Guns and Politics

In the days following the March shootings at schools in California and Pennsylvania, “the new reality of gun-control politics became starkly clear,” The New York Times reported. “Unlike in 1999, when Democrats reacted almost immediately to the massacre at Columbine High School in Colorado with demands for tough new gun restrictions, there were few calls to action.”
  Last November, Colorado and Oregon passed measures requiring background checks at gun shows, despite opposition from the National Rifle Association. At the national level, though, it’s a different story. A March segment on National Public Radio declared gun control an issue that’s gone into “hibernation.” There may be nothing new about kids killing each other with guns, as the NPR story put it, but there is something new about the response. “Silence from Democrats is a sea change.”
  Why has gun control disappeared as a political issue? According to Michael Munger, Duke professor and chair of political science, “it has different salience for supporters and opponents.” Says Munger: “Supporters of gun control see it as one of many issues. They don’t vote solely, or even primarily, based on a candidate’s gun-control position. That’s not true for opponents. For people who are against gun control, it is a litmus test. If a candidate favors gun control, such voters will vote against that candidate, even if they know little about the opponent.”
  Munger says Al Gore lost several states—“at least arguably including West Virginia, Tennessee, and Arkansas”—because of his strong stand in favor of gun control. Even relatively modest calls for trigger locks and gun-show background checks tend to alienate many white, rural, and male voters across the South and Midwest. “For Democrats, gun control just confirms support. For Republicans and independents, gun control creates support, bringing people to the polls who might otherwise stay home.”
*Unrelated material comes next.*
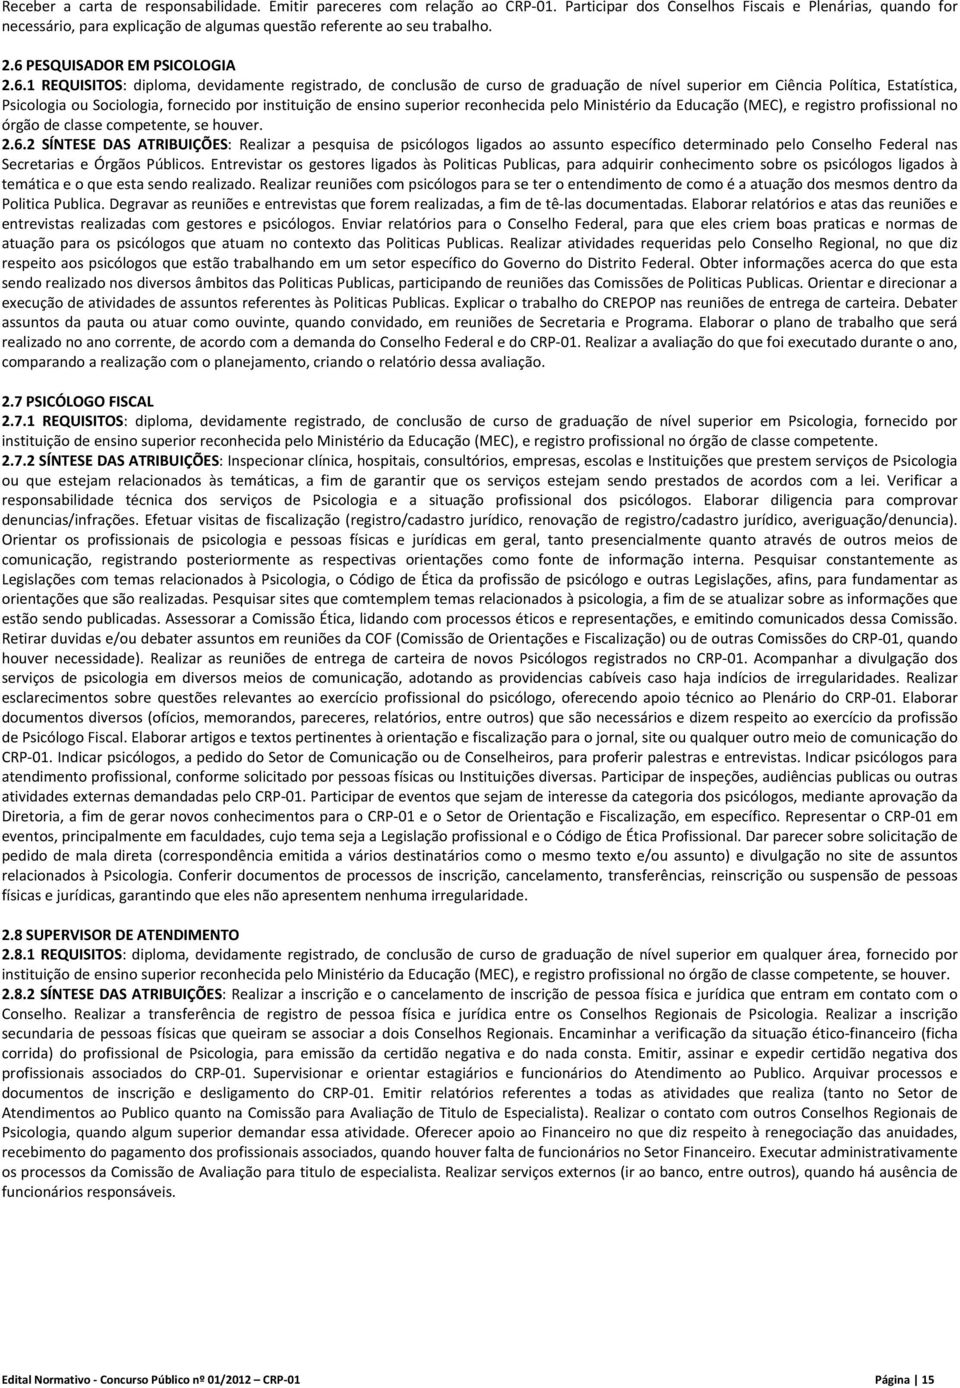 PESQUISADOR EM PSICOLOGIA 2.6.
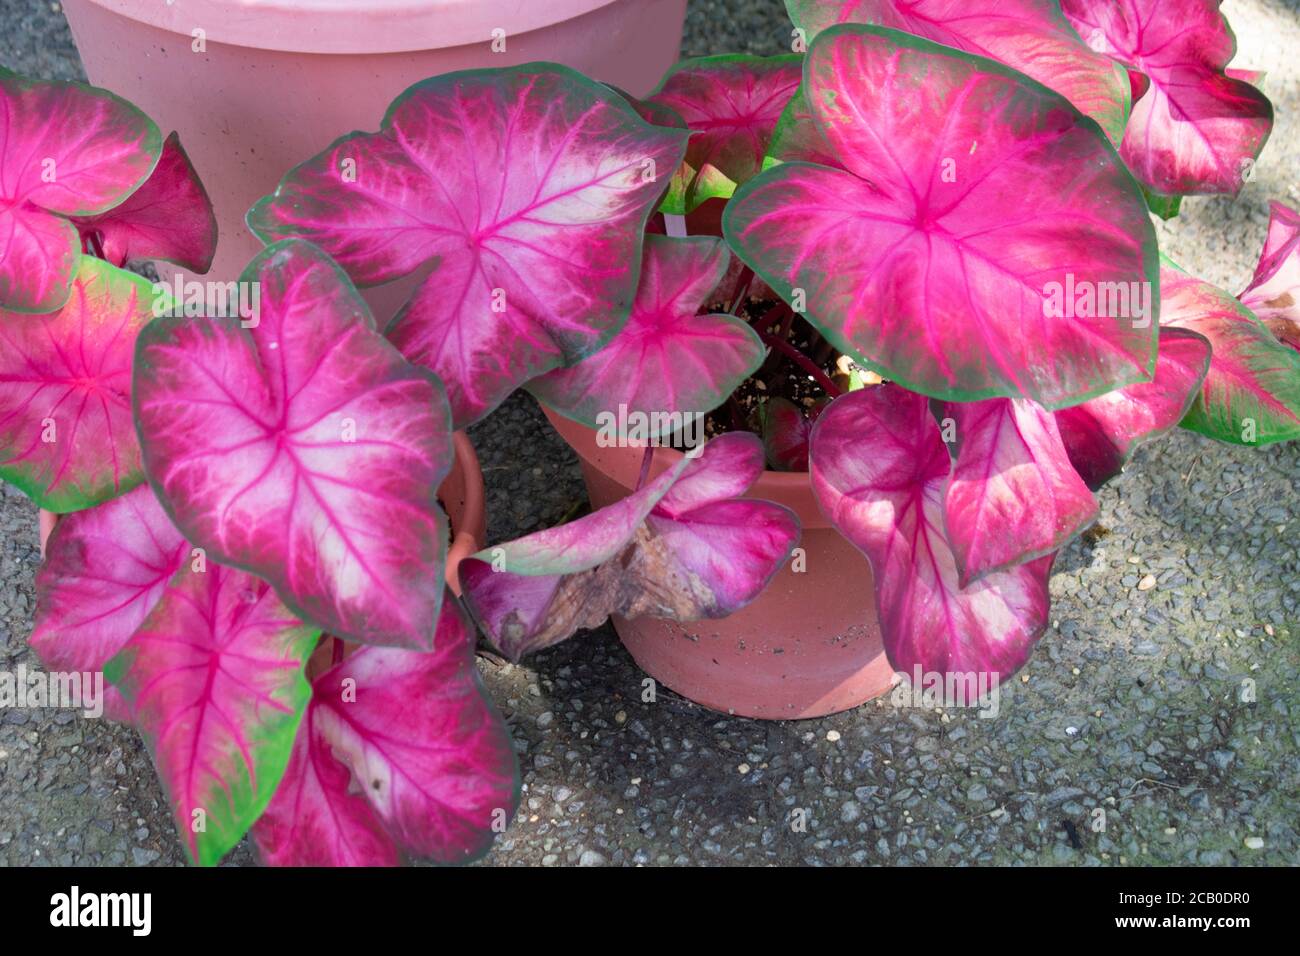 Rosebud, a pink and green fancy leaf caladium. Caladium is a genus of flowering plants in the arum family, Araceae. Stock Photo

  Democrats have gotten the message, says Munger. Their new strategy of “hear no, see no, speak no gun control” will position them, in his view, to take over the Senate in 2002. The Democrats have to be able to run candidates in the Republican-controlled states, and to hold the Democratic-controlled states. Munger says four of the Democratic seats that have to be held, and eleven of the Republican seats that have to be taken, are in firmly anti-gun-control states. 
  So gun control is being sacrificed for political gain—and the Democrats will thereby gain the Senate majority, he predicts. “The Republicans are really, really vulnerable, because just by accident of Senate election classes, more of their incumbents (twenty versus thirteen) are up for reelection.”